37th Mayor of Coeur d'Alene
- Incumbent
- Assumed office January 6th, 2026
- Preceded by: Woody McEvers

Member of the Coeur d'Alene City Council for Seat 3
- In office January 2nd, 2012 – January 20th, 2026
- Preceded by: A. J. Hassell III
- Succeeded by: Dan Sheckler

Personal details
- Born: 1960 (age 65–66) San Diego, California, U.S.
- Party: Republican
- Other political affiliations: Libertarian
- Alma mater: University of California, San Diego (BA)
- Occupation: Computer book author; politician;
- Website: wambooli.com

= Dan Gookin =

American politician and author (born 1960)

Dan Gookin (born 1960) is an American politician and author who is the mayor of Coeur d'Alene, Idaho. He has served as a member on the Coeur d’Alene City Council. He is best known for writing the first For Dummies books including DOS For Dummies and PCs For Dummies, which established the humorous and accessible style of the long-running For Dummies series.

== Background ==
Gookin earned a Bachelor of Arts degree in communications and visual arts from the University of California, San Diego.
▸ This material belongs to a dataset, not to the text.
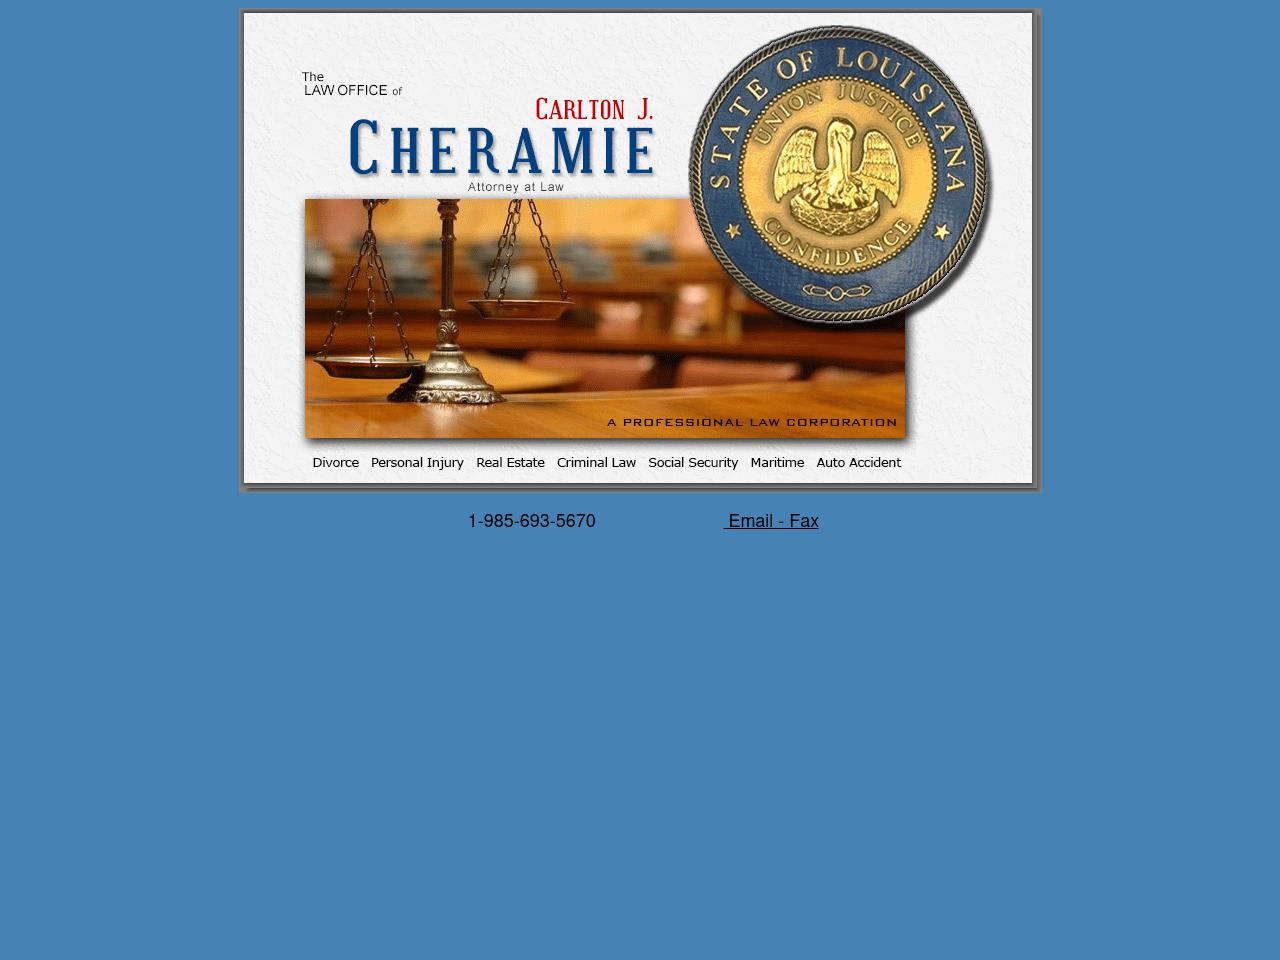 Cheramie & Stentz, APLC - Cut Off LA Lawyers

He has written over 150 computer books. His website provides computer help sections and a blog which is updated several times a week. From 1987 to 1989, he served as editor of ComputorEdge Magazine, a computer periodical in San Diego.

Gookin lives in Coeur d'Alene where he has been active in the local arts community, serving as the artistic director of the Lake City Playhouse. He first ran unsuccessfully for the Idaho Senate in 2004 as a Libertarian. Later, in November 2011, he was elected to a seat on the Coeur d'Alene City Council, defeating former Democratic state representative George Saylor.

During the COVID-19 pandemic, Gookin was a vocal critic of mask mandates in Idaho, voting against a Coeur d’Alene citywide mask requirement that the council approved in October 2020 by a 4–2 vote. He frequently spoke at public meetings and appeared at protests opposing face-covering requirements. Gookin later drew controversy after posting a photo of a blank COVID-19 vaccination card that he said he had purchased from a Facebook friend. He said that he did not use the card and emphasized that his intent was to demonstrate how easily vaccination cards could be forged. Gookin said the requirement to present proof of vaccination is “another injustice in the ongoing COVID-19 saga.”

Gookin is an elected precinct committeeman for the Kootenai County Republican Central Committee (KCRCC), an organization he openly criticizes. In 2023, during a forum hosted by the Kootenai County Republican Women Federated (KCRWF), a subsidiary of the KCRCC, Gookin was questioned by members of both organizations about remarks on his YouTube channel Kootenai Rants which they viewed as "derogatory" toward Christians and Republicans. The exchange grew tense after Gookin defended his comments and accused the committee of refusing to condemn white supremacy and David Reilly, a former KCRCC endorsee who has been accused of antisemitic and white supremacist affiliations, leading to a heated confrontation in which a moderator briefly ripped the microphone from his hand.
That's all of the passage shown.